There have been a couple of things we have "controlled". My wonderful husband when back to school and graduated at the top of his class after discovering I was pregnant with our first. AND we left our home and family in Texas to give our children a better life here in Colorado. Two major decisions made with as as much "control" as humanly possible. That is about it!

Oh...and we had total free will when we decided to follow Christ. Regardless of what you believe about those who choose to follow Christ, this is NOT an easy decision. You do not fall into it. You do not choose it because your parents chose it. It is not an EASY choice. Everything is not springtime and sunshine and all of your problems do not go away if you choose to follow Christ.

Most of the time, if you make this decision to serve our Heavenly Father, you are ridiculed by your friends and family...if not completely shunned. You are held to a higher standard by those who HAVE no standards and then mocked when you stumble. AND we as believers are losing our rights as American citizens at an alarming rate. We can not voice our opinions about anything "controversial" without being branded as bigots, we can not bring our faith to public functions or to our government. And we are told over and over that we use our faith as a crutch.

You're darn right I use my faith as a crutch!! I am a crippled mess without my Lord. If he is willing to help me make it through this insane, unfair, uncontrollable life I FOR SURE am going to lean on him!!

We have a lot to do in the next few months, a lot of hurdles to jump and a lot of obstacles to overcome. We are once again being thrust into a situation we did not expect at a time which is not of our choosing. And we CAN NOT and WILL NOT get through this without God to lean on.
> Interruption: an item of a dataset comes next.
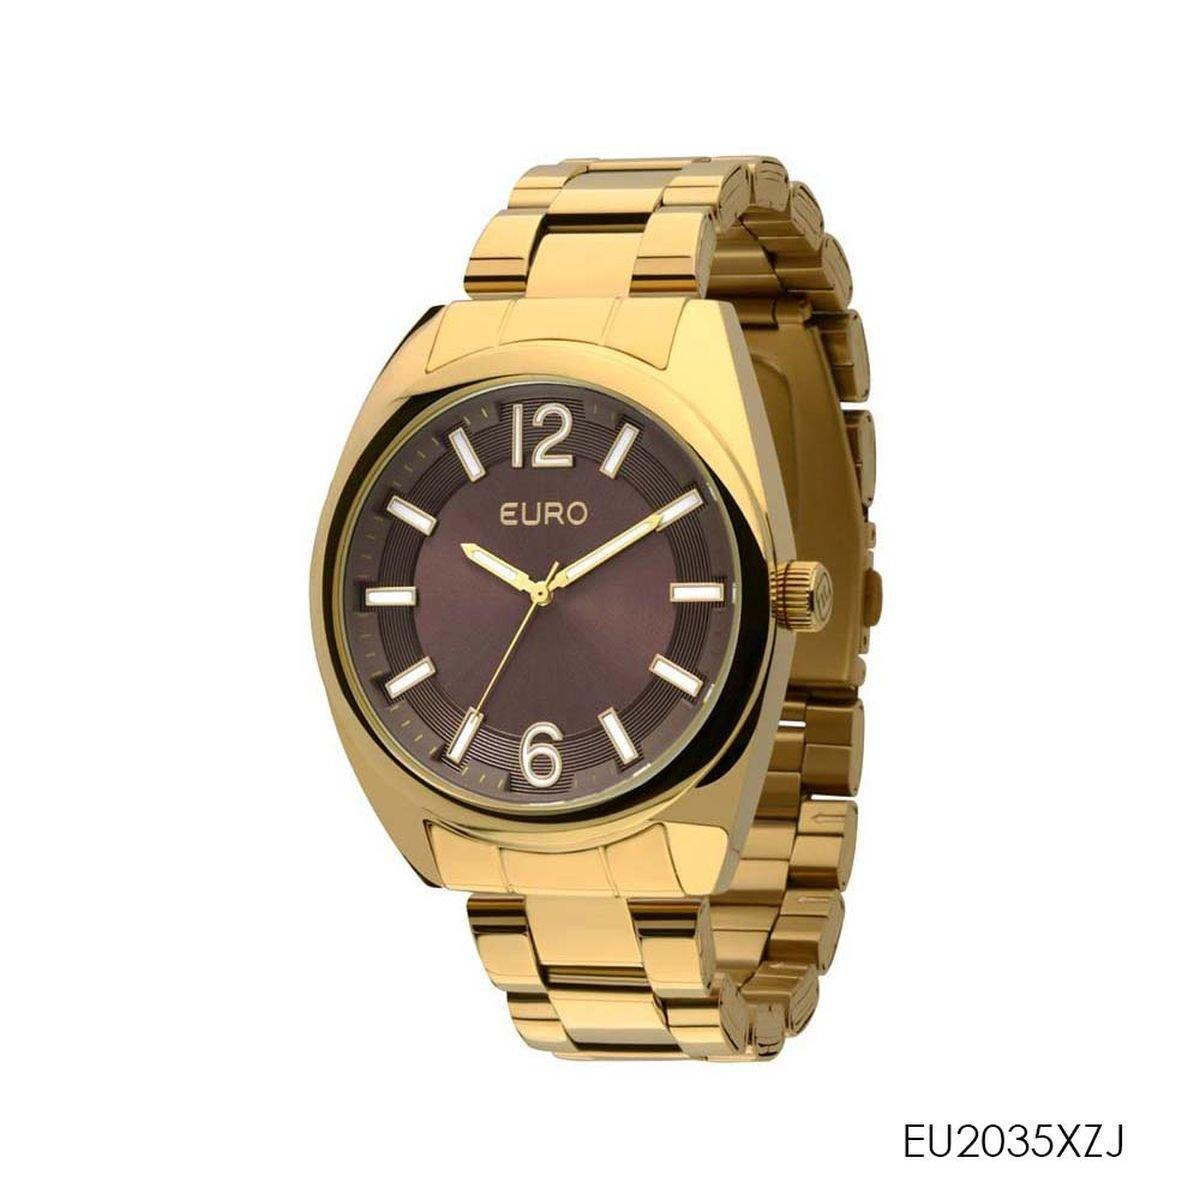 18352ac7b6c94 Relógio Feminino Euro Analógico EU2035XZJ4M Dourado - Zuazen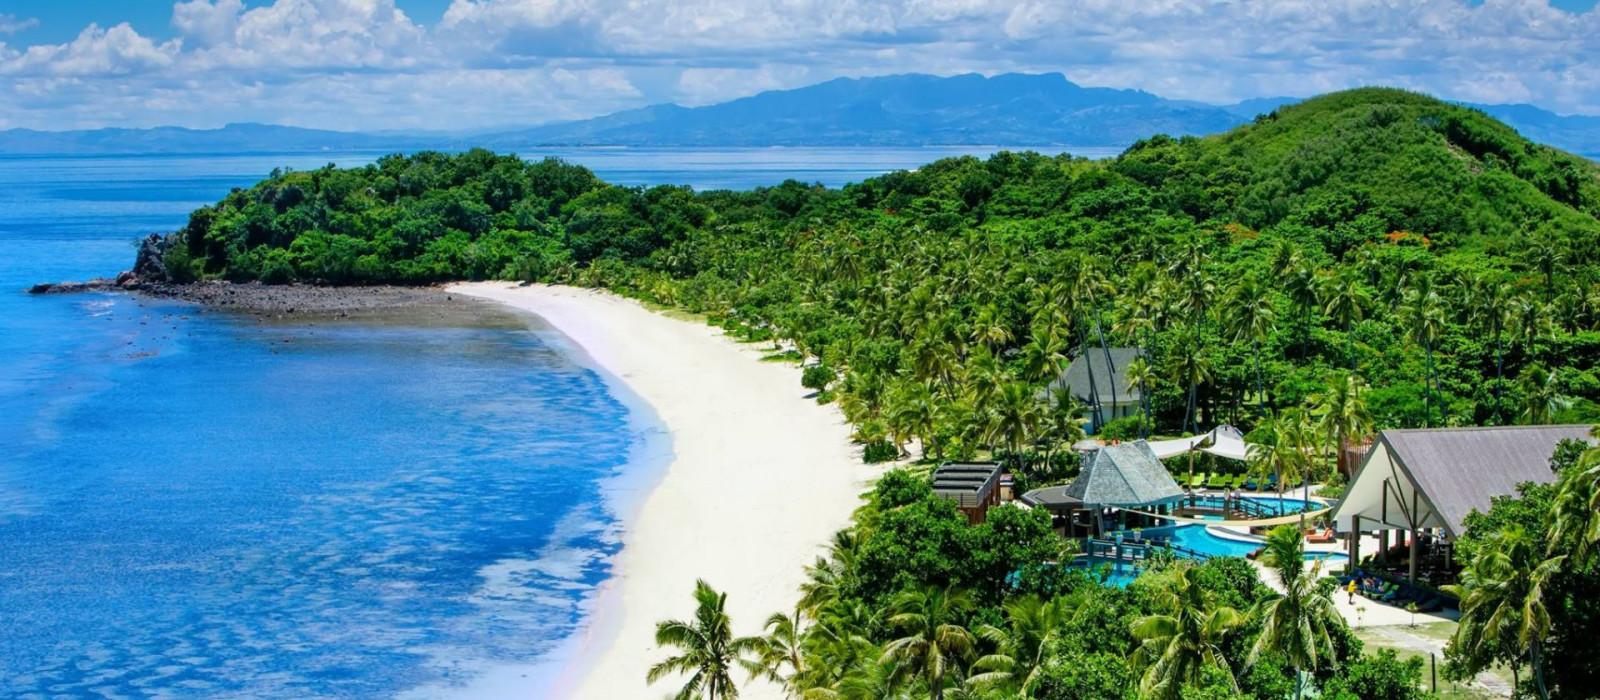 Destination Mamanuca Islands Fiji

And sometimes, probably more times than we care to think about, he is going to carry us, and I am not a bit ashamed to admit it.

3 comments:

Carol Stoffel said...

Amazing truth!

Unknown said...

Yes!! Well said. You are.so.amazing.

Kristine Kautz said...

Beautifully written Cheryl! I don't know you or your husband well enough to make a judgement on whether or not you are controlling or agree with you on sheltering your kids, but I do know from working with Kirsten that she is a beautiful girl with a good heart and a good soul. She is kind, polite, silly and smart. I have seen her look at and talk about her mother, father, sister, and brother with genuine love and affection. And I have witnessed that the love and affection is an all around mutual feeling. For all of that I feel I am qualified in judging you to be one great momma! I know this new life was not planned, but you have accepted and embraced it as a gift from God. What a lucky girl Kirsten is to have such supportive parents as you and Jeff. And what a lucky boy he will be to have you for grandparents!